In general, no. Patients with chronic conditions who are stable on ventilators that are ordinary and proportionate care for them should be allowed to continue until such ventilator use becomes extraordinary or disproportionate. If, however, these patients experience an acute event for which they need intensive care, circumstances tied to a very poor clinical prognosis for the patient might warrant removal of the ventilator to provide for another acute care need. The criteria in such a case, however, should be based not on the fact of the patient’s chronic illness or perceived quality of life, but rather on a substantive change in the patient’s clinical situation such that patient is no longer expected to receive a proportionate benefit from ventilator support.
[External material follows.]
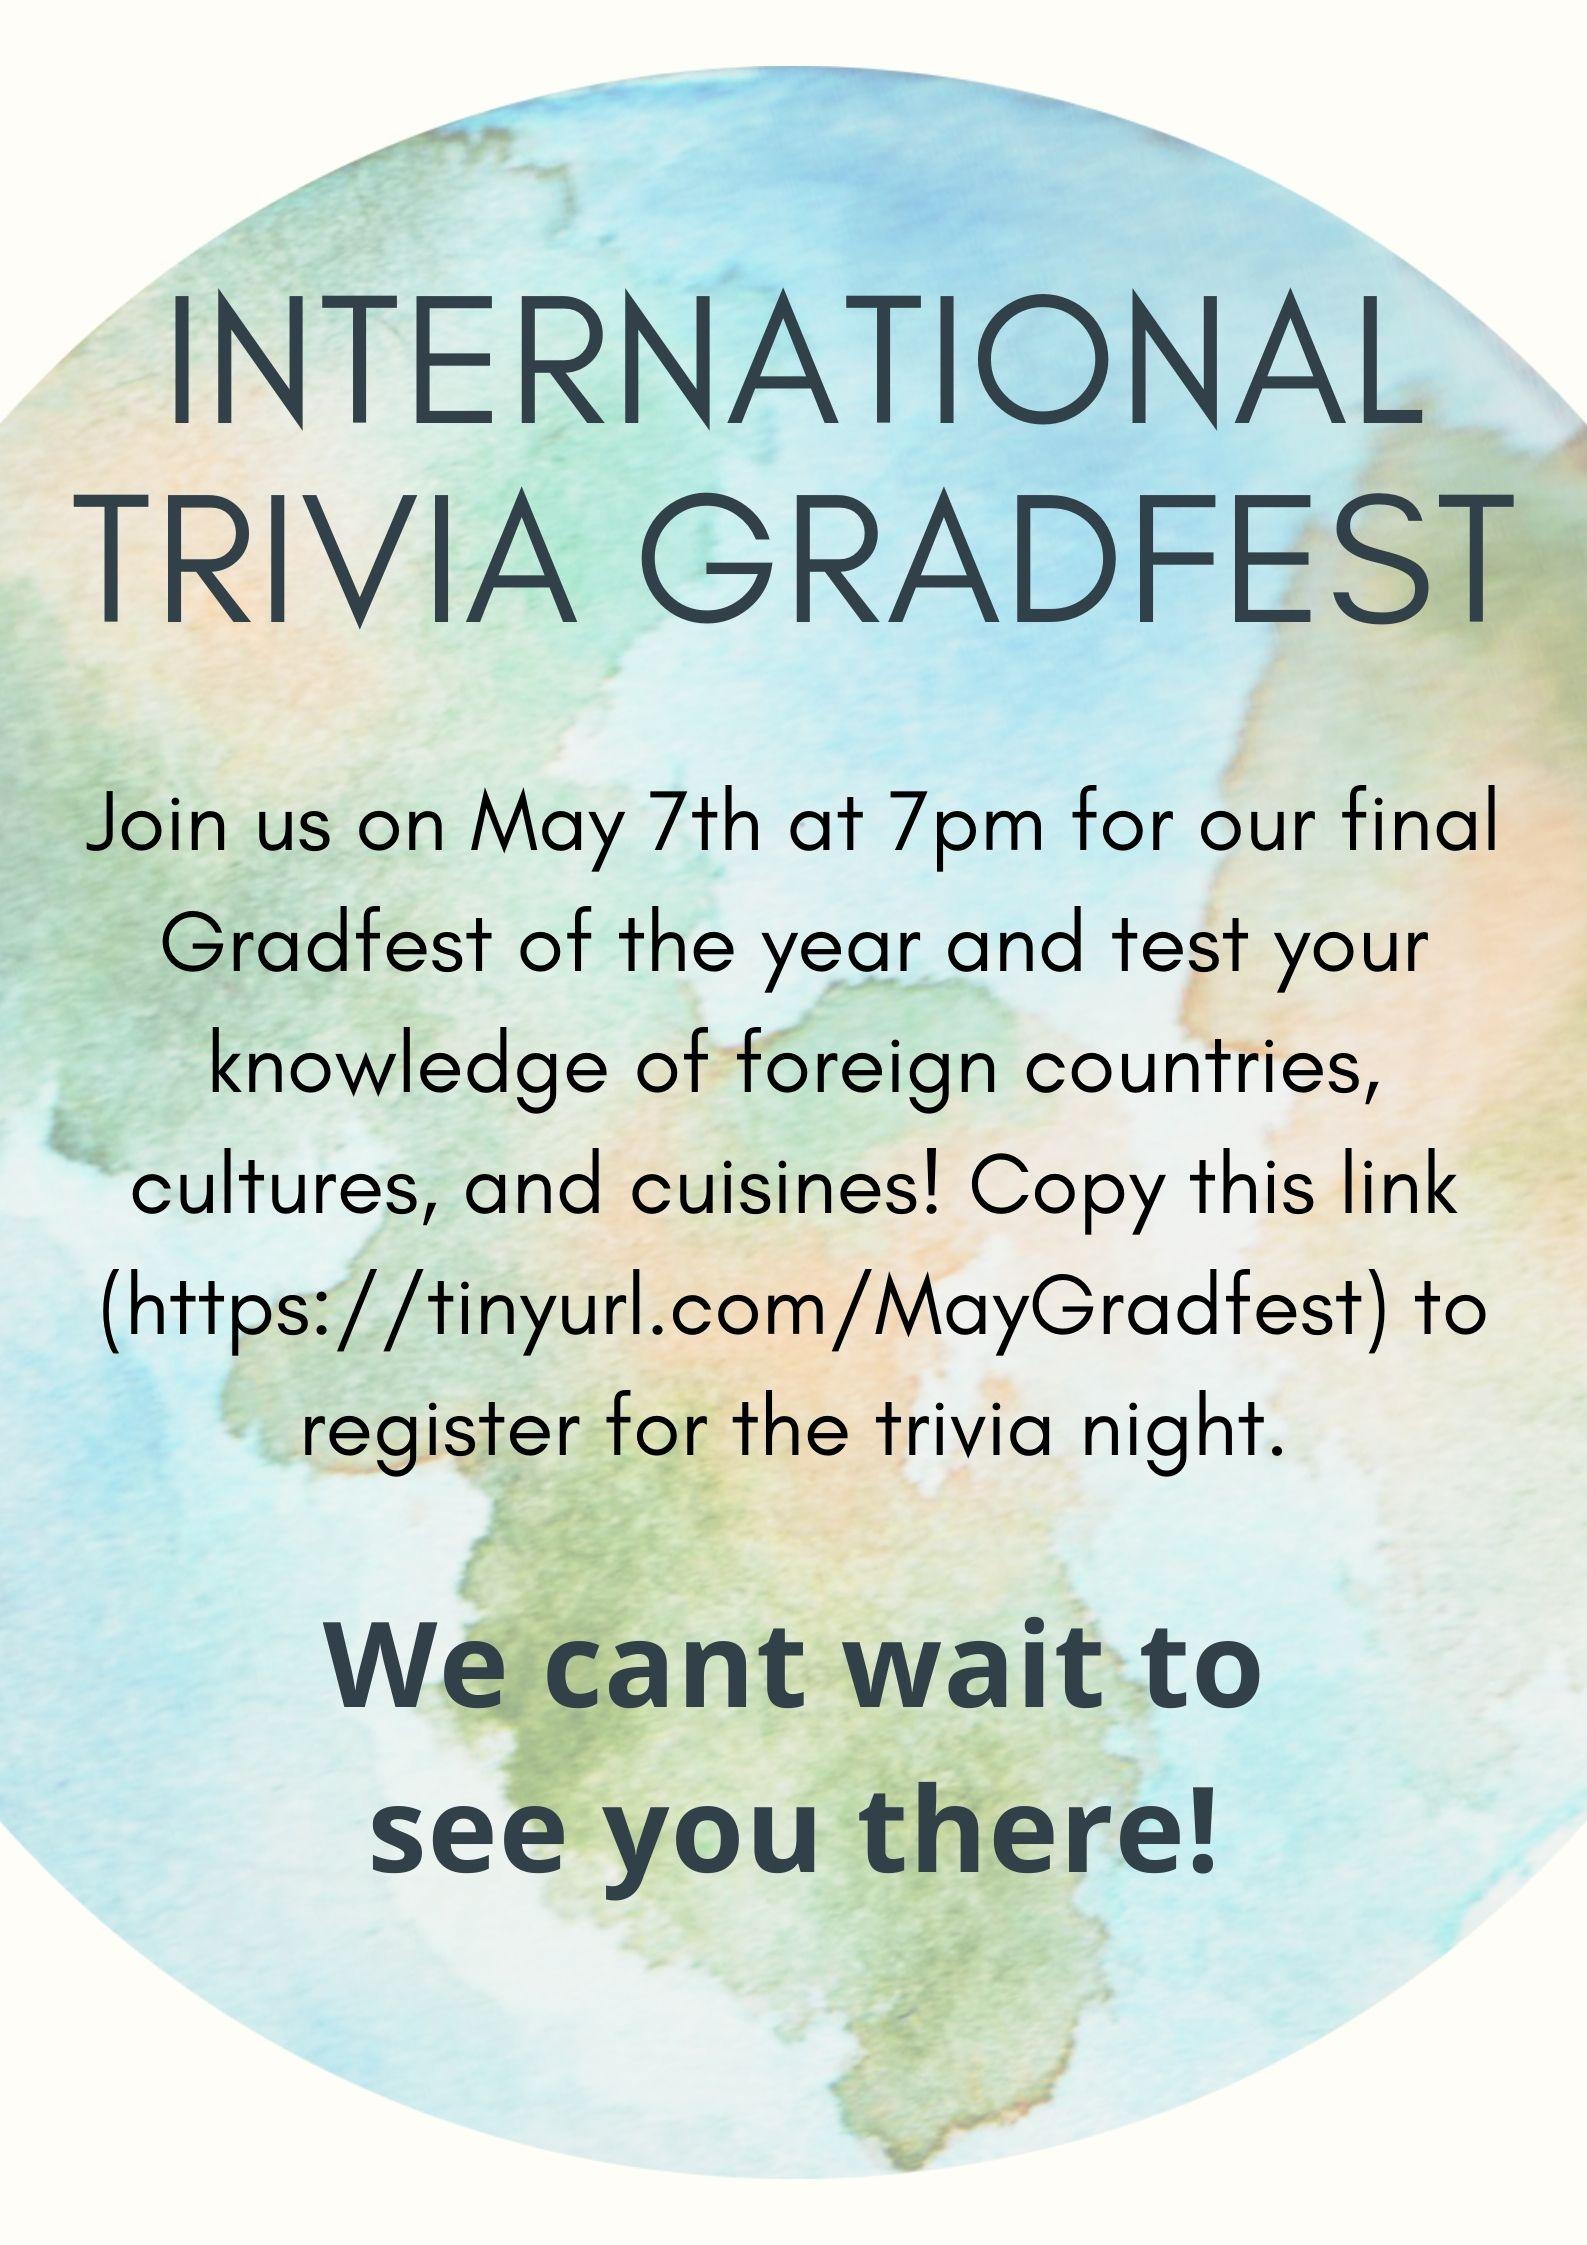 May GradFest
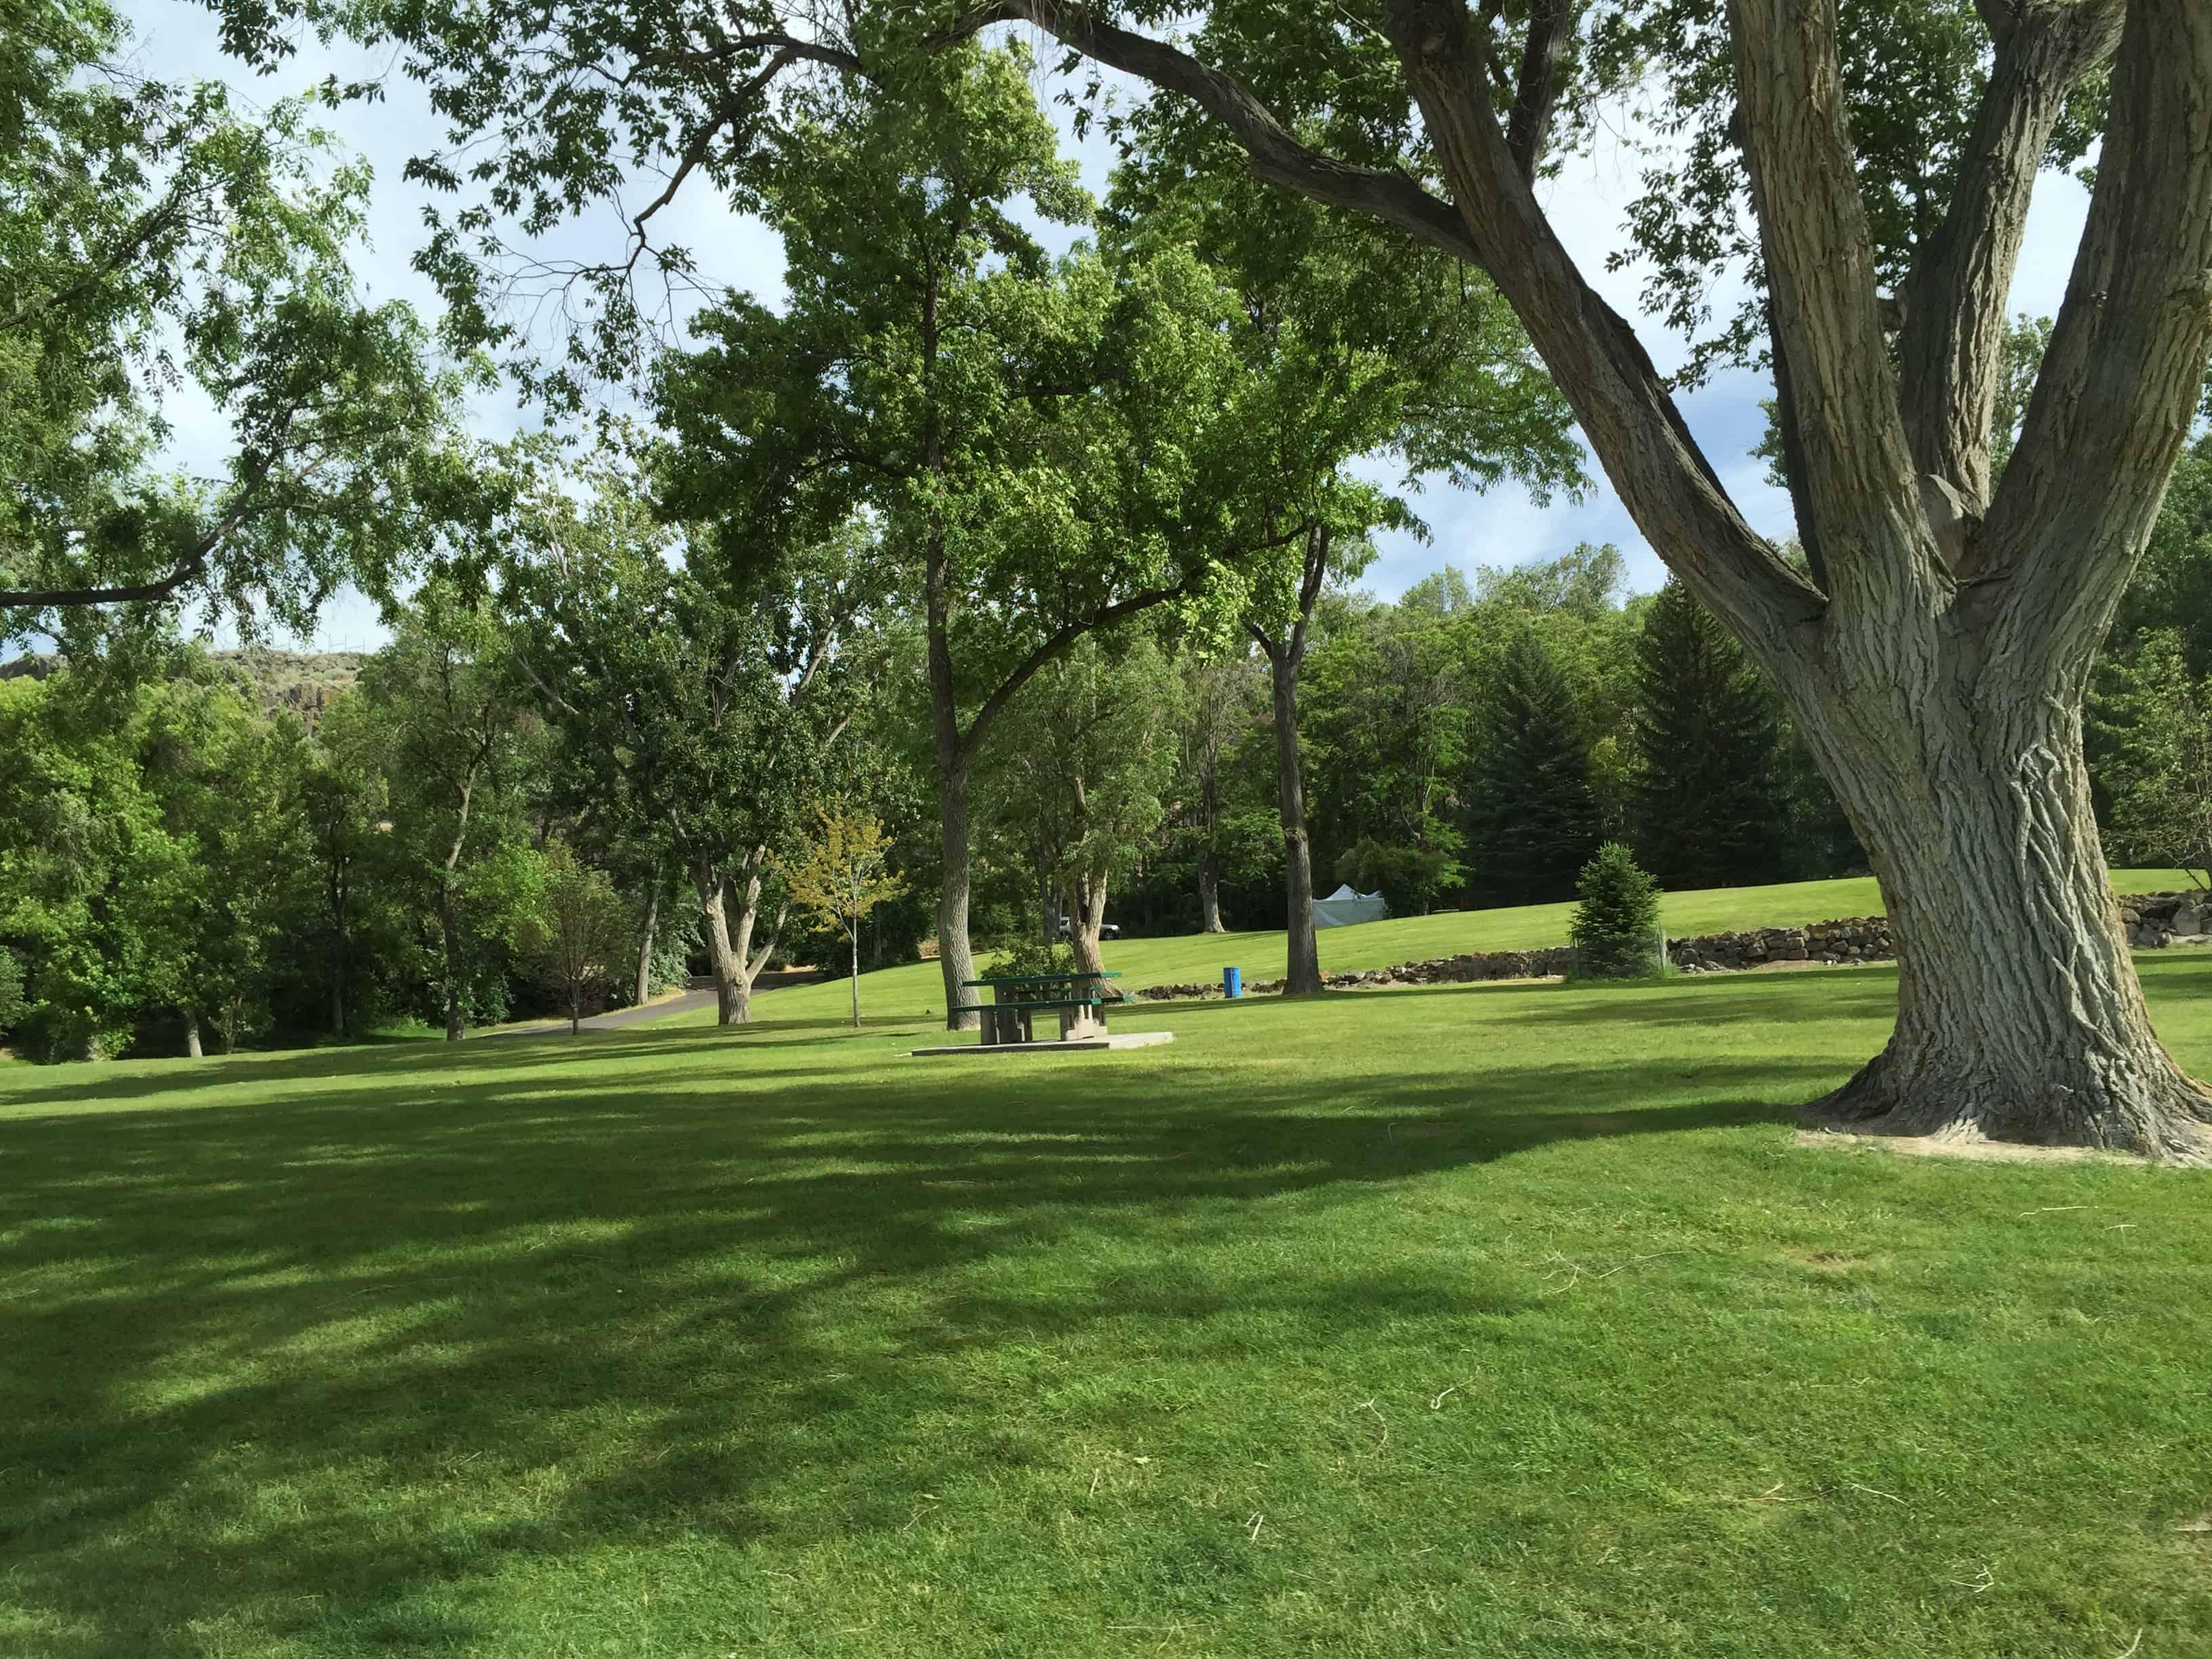 shoshone_falls_picnic

In other words, the ventilator should not be removed if the acute event can be resolved with ventilator support, but it might be removed if the acute event is reasonably expected to result in short-term mortality regardless of ventilator support.
+ Can a patient choose to have a ventilator withdrawn in order to allow someone else access to limited treatment resources?
Yes, this can be a morally good or even heroic act. However, no patient has a general moral obligation to decline continued ventilator support simply because others may benefit more, and no patient should be coerced or otherwise unduly pressured by others to make this choice. Similar to the principles applicable to organ donation, the act must be truly selfless and not imposed by force.